Explicit Title Format Performs Worse Than Simple Format (Contradicts Docs)
The documentation states:
"providing a title, if available, will improve model performance"
But testing shows the opposite - simple formats perform up to 18.7% better.
from sentence_transformers import SentenceTransformer, util
model = SentenceTransformer("google/embeddinggemma-300m")
title = "Marketing Manager"
content = "Lead marketing team and drive brand growth."
query = "Marketing Manager"
Compare formats
doc_official = f"title: {title} | text: {content}" # Per docs
doc_simple = f"{title} | {content}" # Simple format
query_prompt = f"task: search result | query: {query}"
q_emb = model.encode(query_prompt)
sim_official = util.cos_sim(q_emb, model.encode(doc_official)).item()
sim_simple = util.cos_sim(q_emb, model.encode(doc_simple)).item()

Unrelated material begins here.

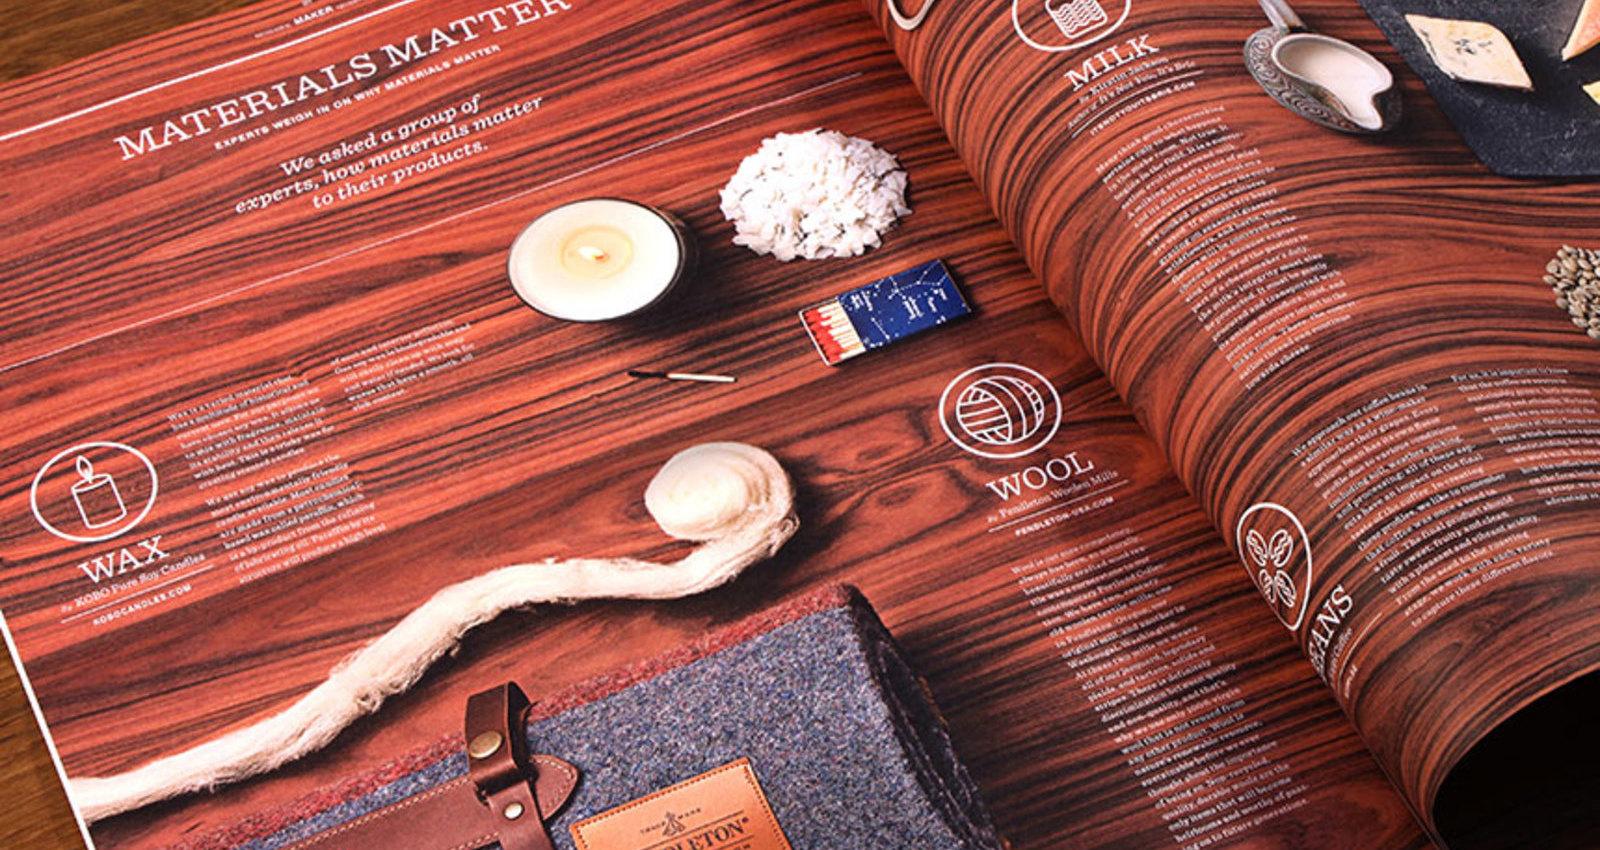 Mohawk Culture of Craft

print(f"Official format: {sim_official:.4f}") # 0.5867
print(f"Simple format: {sim_simple:.4f}") # 0.6961 (+18.7%!)
Official format: 0.5867
Simple format: 0.6961 (+18.7% better!)
Additional Findings
Large-scale eval (500 queries, 80k docs): Official format has 9.3% worse NDCG@100
Title-only documents: Official format loses 17.5% performance when text: is empty
Longer titles suffer more: 60-char titles show bigger performance gaps
Question
Should I use simple concatenation ({title} | {content}) instead of the documented format (title: {title} | text: {content}) for retrieval tasks?
The simple format consistently outperforms. Is this expected behavior or should documentation be updated?
Hi @Farhadtehrani , apologies for the delayed response.
Yes, you can use the simple concatenation format if it consistently improves NDCG on your dataset. Embedding models are highly sensitive to input distribution and your empirical retrieval metrics should always guide your format choice.
This is happening because the title: ... | text: ... template encodes structural priors learned during training. If your data deviates from the distribution, those priors can degrade representation quality. Removing the explicit field prefixes eliminates this structural bias and ca improve robustness under schema mismatch.
This is expected as this is a classic distribution shift effect in instruction tuned embedding models. The recommended template is optimised for typical document shapes(short titles, substantive body text) and is not guaranteed to dominate across all corpora.
The current recommendation is a general baseline, but your findings highlight that it could benefit from clarification. Optimal formatting is highly dataset-dependent and should always be validated against domain-specific retriieval metrics. I will pass this feedback along to the team to see if we can add a clarification to the model card.
Thank you!